Restate the data below word for word, leaving nothing out.
---
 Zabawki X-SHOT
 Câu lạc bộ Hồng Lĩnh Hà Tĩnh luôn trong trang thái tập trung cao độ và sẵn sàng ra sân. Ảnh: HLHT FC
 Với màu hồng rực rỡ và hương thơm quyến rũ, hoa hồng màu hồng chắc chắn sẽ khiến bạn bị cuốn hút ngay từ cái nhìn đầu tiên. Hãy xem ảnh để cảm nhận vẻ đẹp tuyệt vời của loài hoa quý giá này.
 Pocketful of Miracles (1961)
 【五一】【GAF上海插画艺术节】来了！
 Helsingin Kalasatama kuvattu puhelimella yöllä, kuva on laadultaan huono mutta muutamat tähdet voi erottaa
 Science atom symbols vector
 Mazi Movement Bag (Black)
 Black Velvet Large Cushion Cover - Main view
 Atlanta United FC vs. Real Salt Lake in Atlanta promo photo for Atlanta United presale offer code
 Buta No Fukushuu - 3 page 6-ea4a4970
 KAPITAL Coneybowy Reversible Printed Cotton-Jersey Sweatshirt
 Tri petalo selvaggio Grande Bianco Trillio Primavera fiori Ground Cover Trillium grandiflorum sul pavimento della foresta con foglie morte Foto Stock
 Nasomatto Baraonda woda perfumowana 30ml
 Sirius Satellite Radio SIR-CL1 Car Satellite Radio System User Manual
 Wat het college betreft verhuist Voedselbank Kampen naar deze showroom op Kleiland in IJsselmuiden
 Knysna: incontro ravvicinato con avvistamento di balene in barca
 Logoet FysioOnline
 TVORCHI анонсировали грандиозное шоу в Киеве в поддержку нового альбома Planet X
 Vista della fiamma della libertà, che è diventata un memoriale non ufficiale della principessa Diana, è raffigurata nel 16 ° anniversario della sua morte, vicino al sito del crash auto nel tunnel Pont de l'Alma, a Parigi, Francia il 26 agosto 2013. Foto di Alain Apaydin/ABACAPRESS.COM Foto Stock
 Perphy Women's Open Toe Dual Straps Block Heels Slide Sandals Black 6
---
Output for this task —
 Zabawki X-SHOT
 Câu lạc bộ Hồng Lĩnh Hà Tĩnh luôn trong trang thái tập trung cao độ và sẵn sàng ra sân. Ảnh: HLHT FC
 Với màu hồng rực rỡ và hương thơm quyến rũ, hoa hồng màu hồng chắc chắn sẽ khiến bạn bị cuốn hút ngay từ cái nhìn đầu tiên. Hãy xem ảnh để cảm nhận vẻ đẹp tuyệt vời của loài hoa quý giá này.
 Pocketful of Miracles (1961)
 【五一】【GAF上海插画艺术节】来了！
 Helsingin Kalasatama kuvattu puhelimella yöllä, kuva on laadultaan huono mutta muutamat tähdet voi erottaa
 Science atom symbols vector
 Mazi Movement Bag (Black)
 Black Velvet Large Cushion Cover - Main view
 Atlanta United FC vs. Real Salt Lake in Atlanta promo photo for Atlanta United presale offer code
 Buta No Fukushuu - 3 page 6-ea4a4970
 KAPITAL Coneybowy Reversible Printed Cotton-Jersey Sweatshirt
 Tri petalo selvaggio Grande Bianco Trillio Primavera fiori Ground Cover Trillium grandiflorum sul pavimento della foresta con foglie morte Foto Stock
 Nasomatto Baraonda woda perfumowana 30ml
 Sirius Satellite Radio SIR-CL1 Car Satellite Radio System User Manual
 Wat het college betreft verhuist Voedselbank Kampen naar deze showroom op Kleiland in IJsselmuiden
 Knysna: incontro ravvicinato con avvistamento di balene in barca
 Logoet FysioOnline
 TVORCHI анонсировали грандиозное шоу в Киеве в поддержку нового альбома Planet X
 Vista della fiamma della libertà, che è diventata un memoriale non ufficiale della principessa Diana, è raffigurata nel 16 ° anniversario della sua morte, vicino al sito del crash auto nel tunnel Pont de l'Alma, a Parigi, Francia il 26 agosto 2013. Foto di Alain Apaydin/ABACAPRESS.COM Foto Stock
 Perphy Women's Open Toe Dual Straps Block Heels Slide Sandals Black 6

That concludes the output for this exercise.